Лежал на рулонах клевера, беседуя с облаками и улыбаясь синеве. Ветерок легонько ерошил волосы. Как будто царевна полей появилась, чтоб посмотреть на гостя. Начинало зеленеть соседнее поле – новая её забота. Храни людской труд, милая царевна. Улыбалась у родника. Приносила в ладонях его прозрачную чистую воду. И тотчас исчезала усталость…
Слипаются веки, и, засыпая, прошепчу в волшебную темноту ночи найденное в книжке это озаряющее имя хранительницы полей – Мерцана.
*
Костерок – горящая сера. Осенние строчки’ - подарок леса. Долго бродил по осенней земле, любовался прозрачной дымкой, лесами на горизонте, их красками и очертаниями. Красивые облака над головой. Они разделились на мелкие барашки и летят по синеве. А без облаков небо скучное, даже самое синее. Разве что его спасает чистая желтизна осин, зелень сосен и елей, силуэты волнующихся берёз.
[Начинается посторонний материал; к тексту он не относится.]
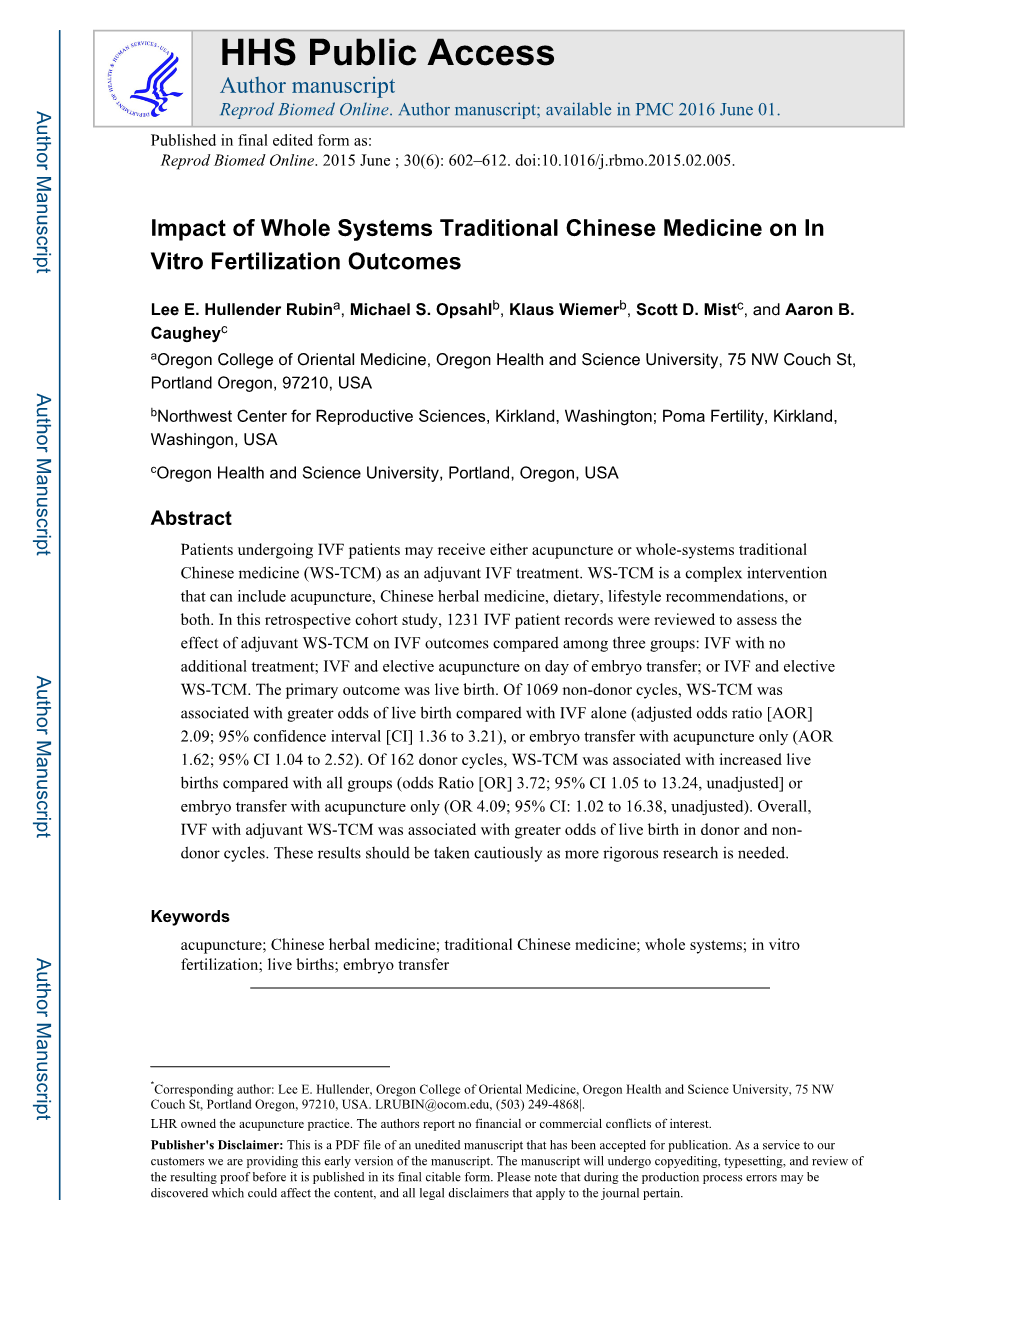 Impact of Whole Systems Traditional Chinese Medicine on in Vitro Fertilization Outcomes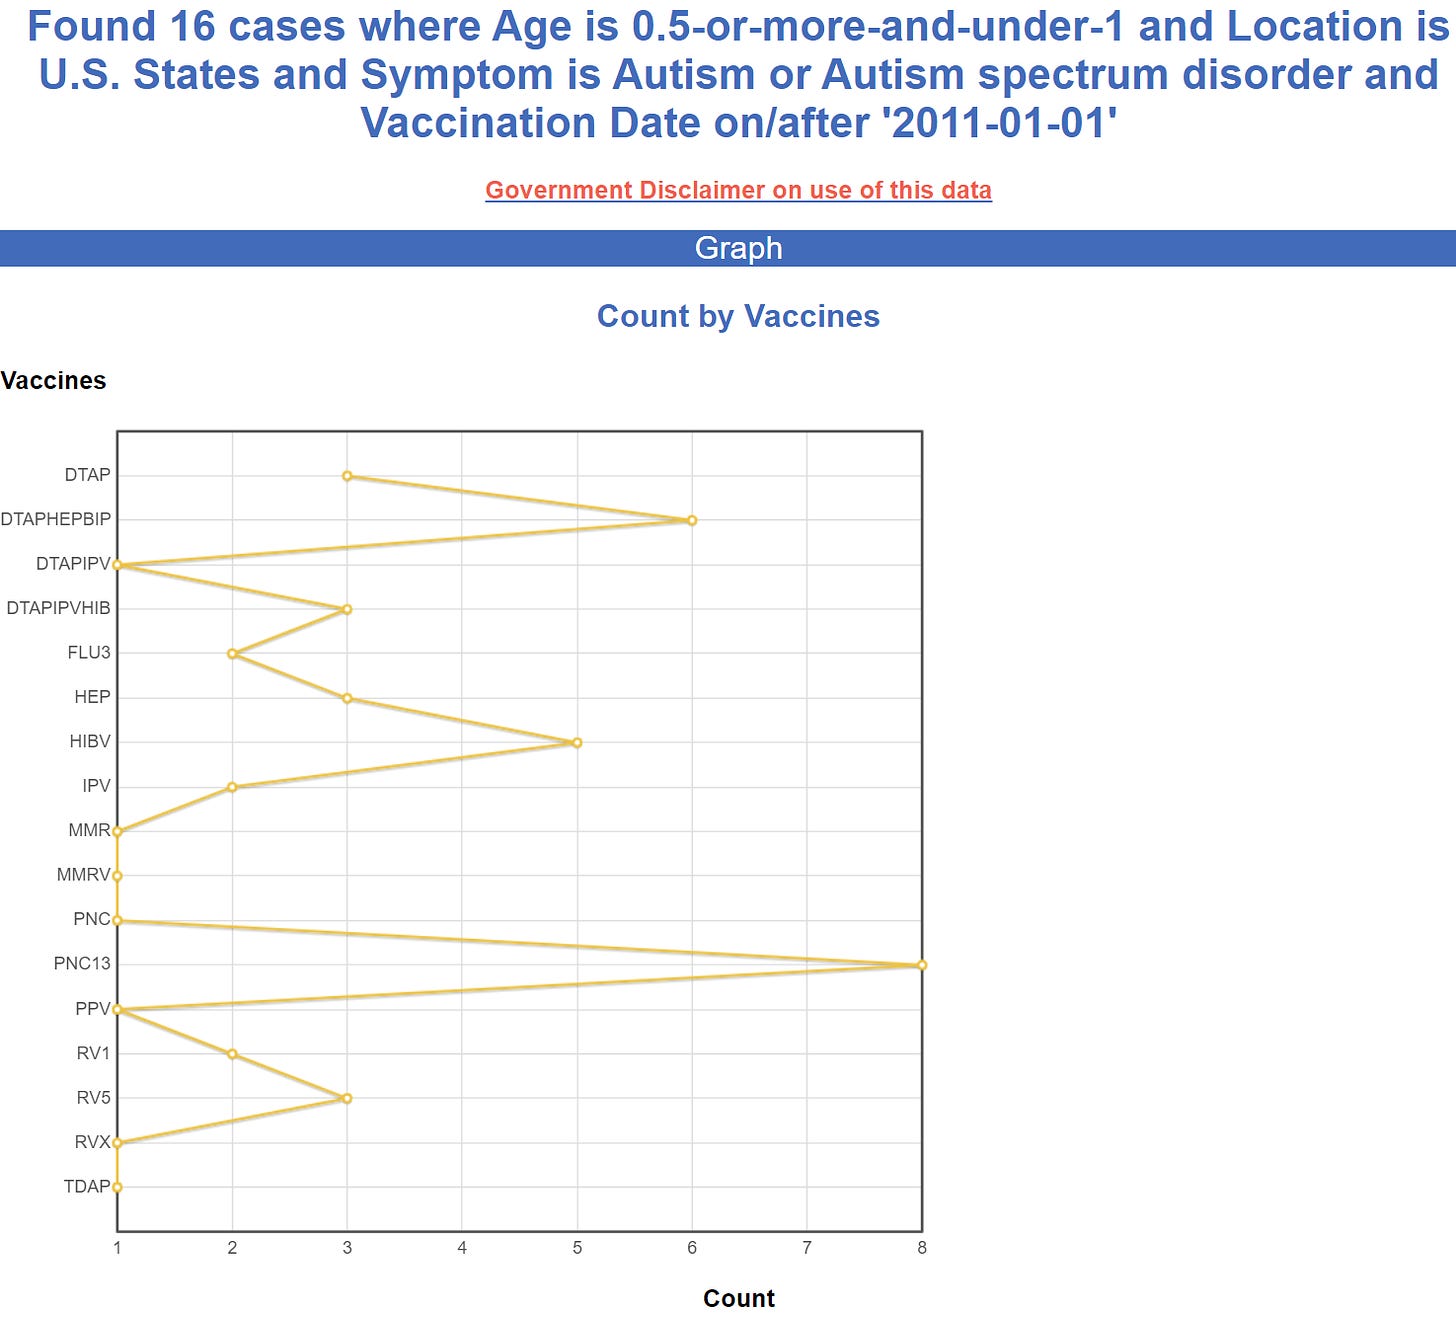 VAERS data shows that vaccines cause autism Https%3A%2F%2Fsubstack-post-media.s3.amazonaws.com%2Fpublic%2Fimages%2F70ac4685-e38e-4ef3-8c8b-5f10229576be_1475x1337

Вспоминаются мгновения из прошлых странствий: ястреб над перелесками, каменистое поле, кустик конского щавеля, видимый далеко-далеко.
Молодые перелески – берёзки, сосенки, золотые коридоры, переходящие в изумрудные. Сказочная страна Осень…
Знаешь ли путь свой, Земля? Куда летишь во мраке в стороне от ярких созвездий? Куда несёшь нас? Молчание. Лишь ветер под покровом ночи спешит мимо силуэтов притихших домов, и летят за ним, исчезая в темноте, жёлтые листья…
*
Взгляни, как спокойна сегодня река, как игриво плещется рыба. Как прекрасна чайка под светлыми облаками, розовая в остывающем солнце! Играют в кустах и на песке, беззаботно щебеча, молодые трясогузки. Слушают тишину заречные деревья и голубые леса вдали. Чувствуешь, как хорошо душе среди спокойных птиц и ласковых лучей и волн, если не надоедать ей «умными» мыслями и желаниями? Сама она растворяется в голубой дымке и плавно плывёт над вечерним покоем. Мы оставим следы на прибрежном песке, чтобы завтра исчезли они, смытые волнами от утренней «Зарницы». Бросим слова сонному ветру, и спрячет он их в тальниках. И пусть в душу войдёт этот покой, разливающийся над миром, над спокойной осенней рекой.
*
Звёзды над головой горят так зовуще! Словно огни большого незнакомого города, полного томительных тайн. Душа умоляет отпустить её в эту влекущую неизвестность, к неземной загадочной жизни. Зачем вы нам мигаете, звёзды?! Нам и без вас неспокойно на Земле!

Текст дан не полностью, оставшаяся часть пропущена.